SOURCE MATERIAL >>
----------

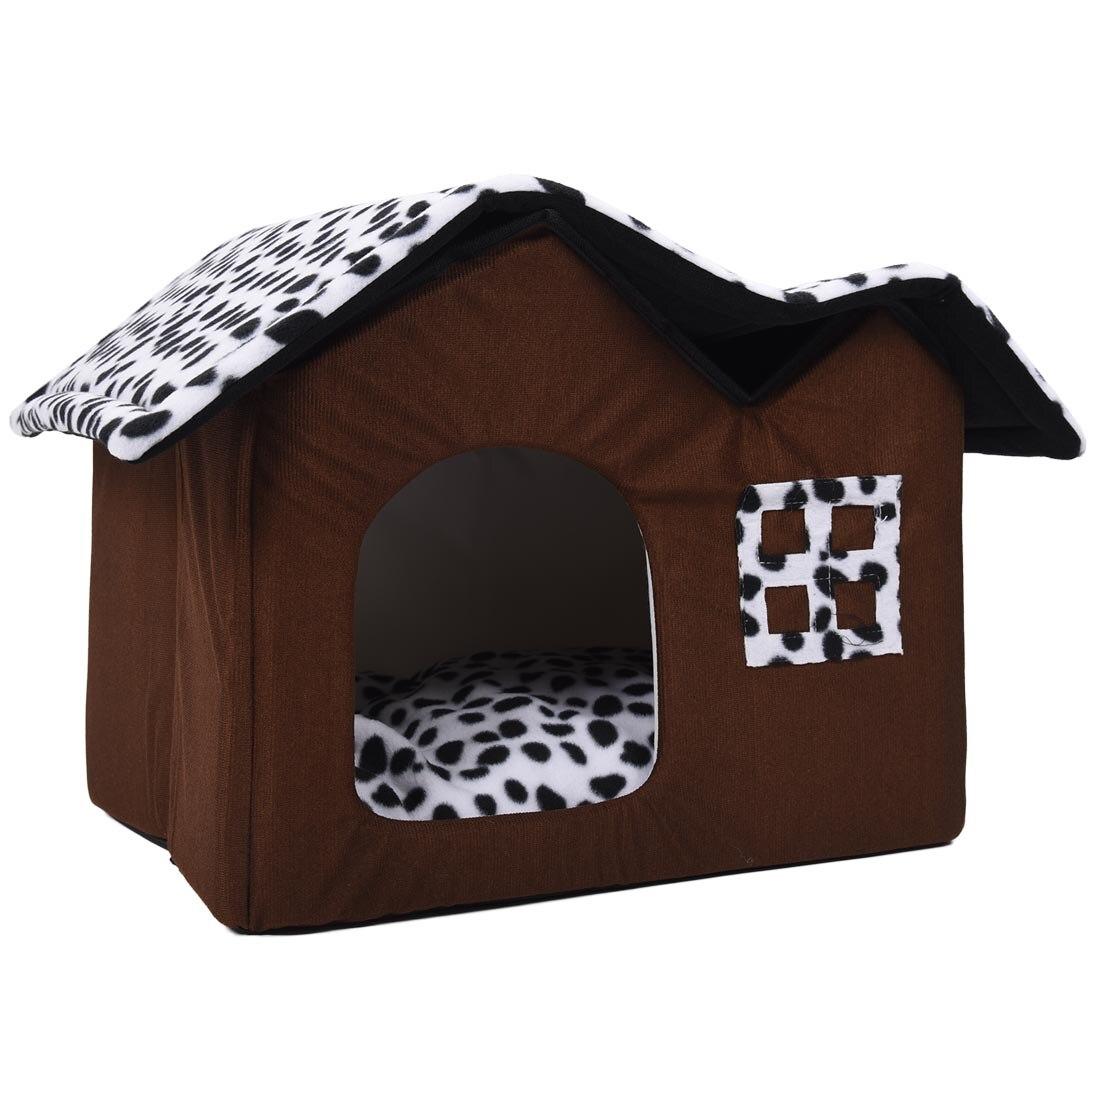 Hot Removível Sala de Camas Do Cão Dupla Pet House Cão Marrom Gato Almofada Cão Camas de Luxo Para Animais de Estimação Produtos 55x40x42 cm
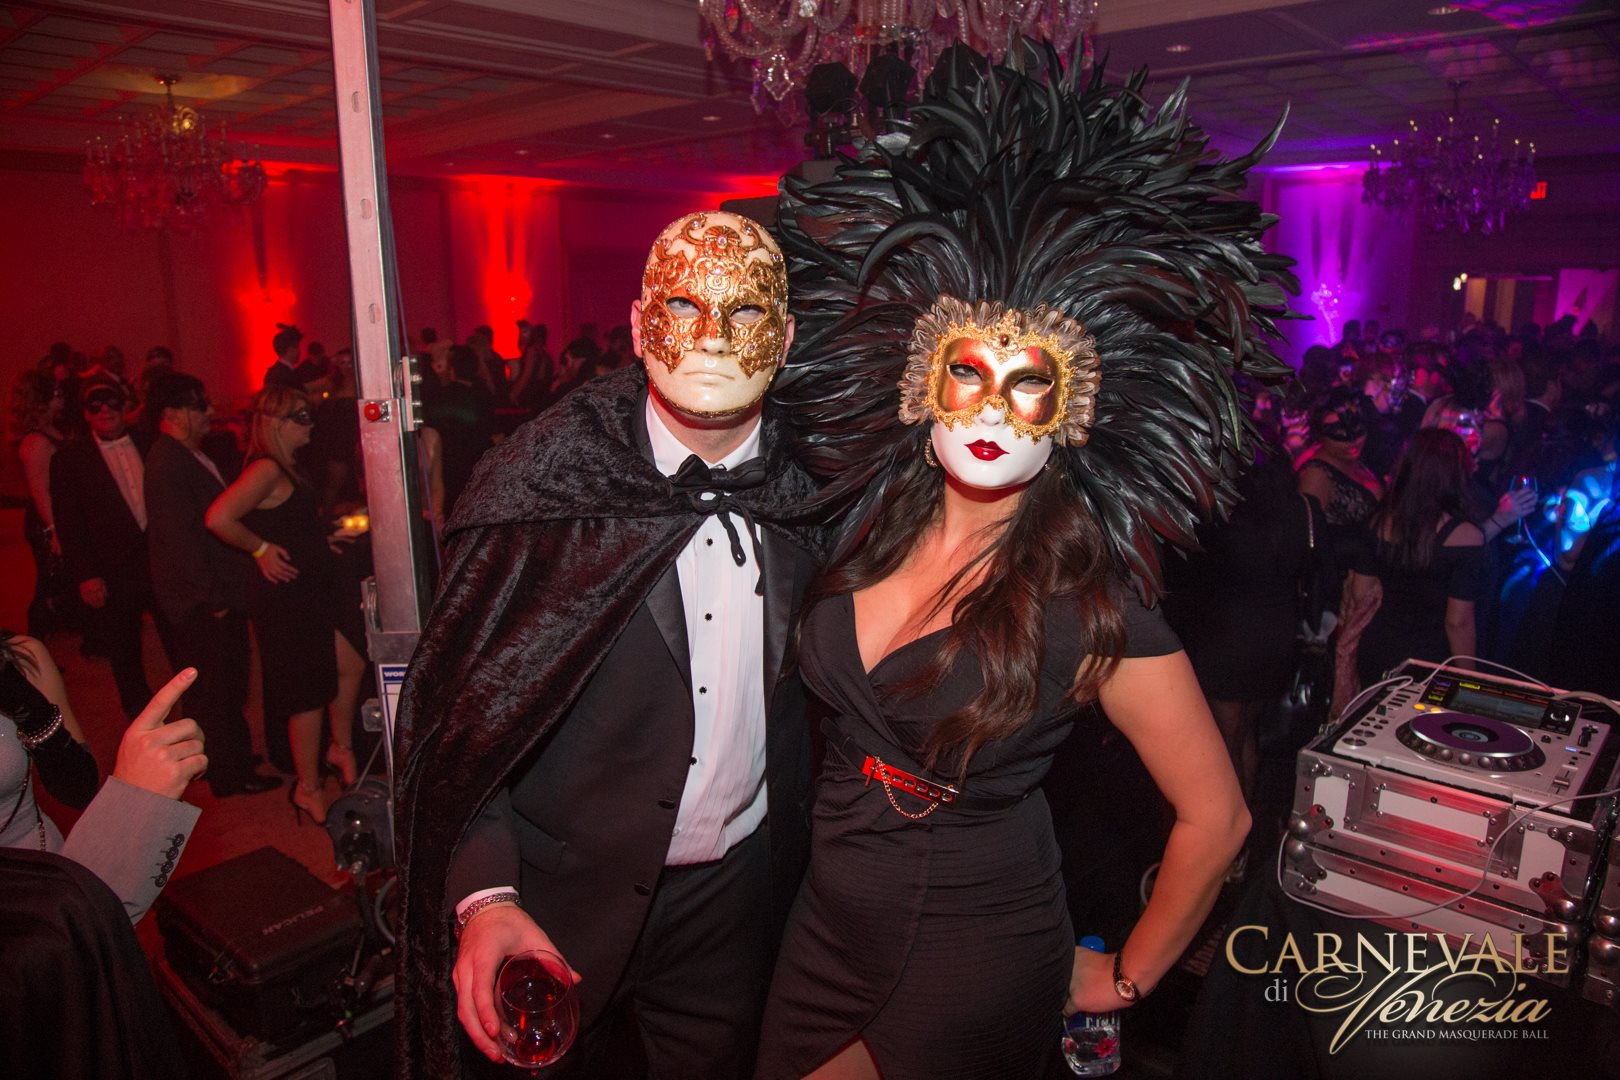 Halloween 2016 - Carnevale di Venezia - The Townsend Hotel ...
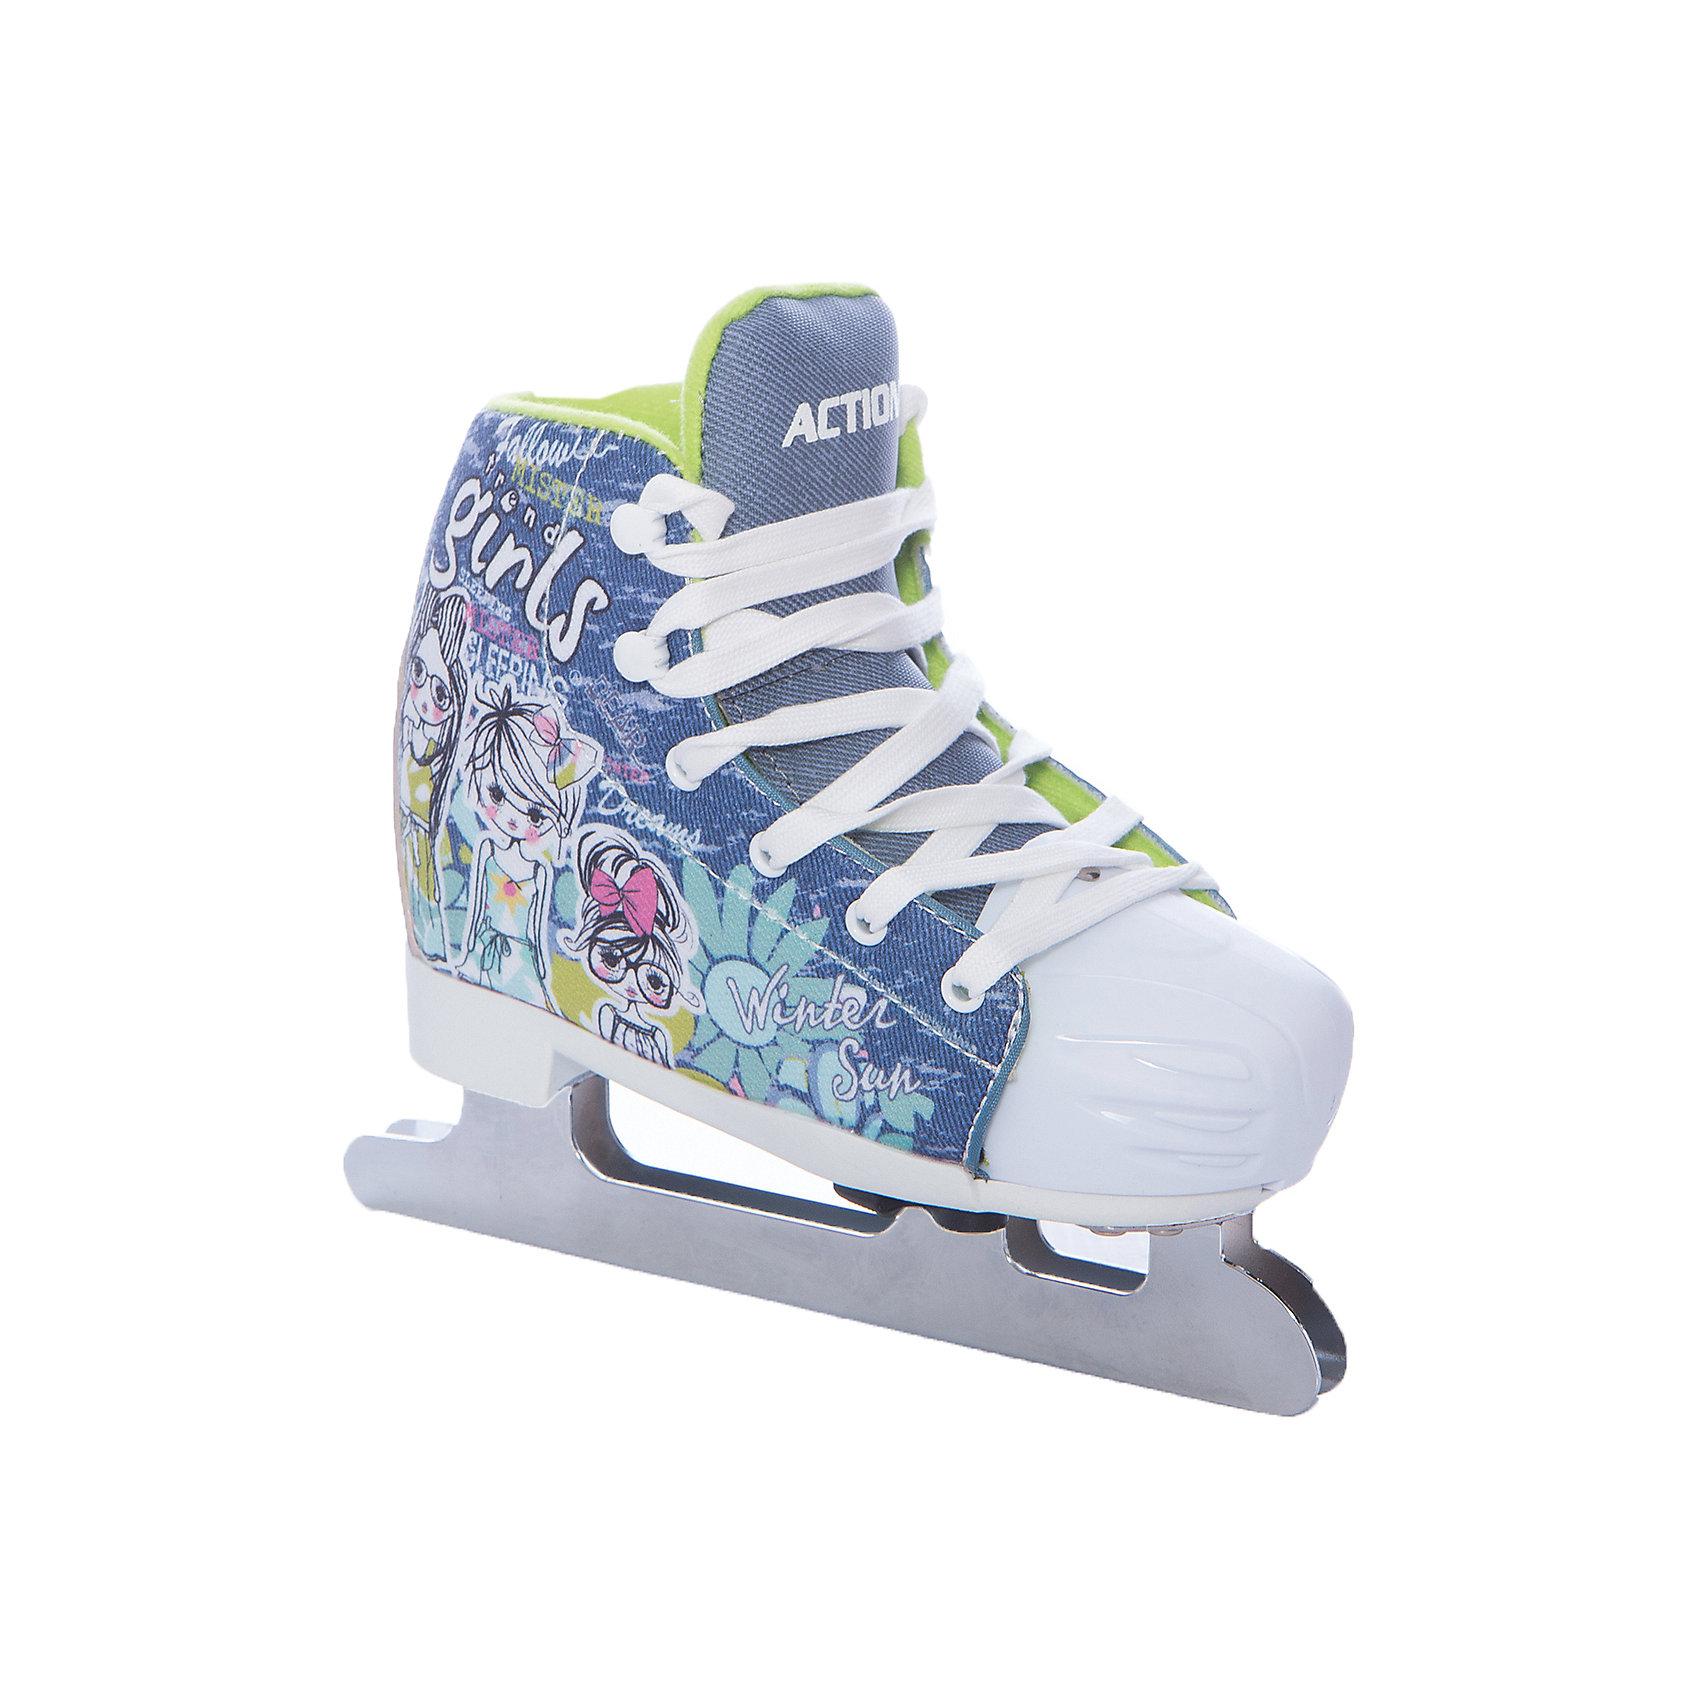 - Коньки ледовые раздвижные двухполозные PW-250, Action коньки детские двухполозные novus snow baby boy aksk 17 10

----------

Beginning with the line where "Halloween 2016 - Carnevale" appears, restate word for word every line down to the last one in the data, but keep the pictures out.

 Halloween 2016 - Carnevale di Venezia - The Townsend Hotel ...
 - Коньки ледовые раздвижные двухполозные PW-250, Action коньки детские двухполозные novus snow baby boy aksk 17 10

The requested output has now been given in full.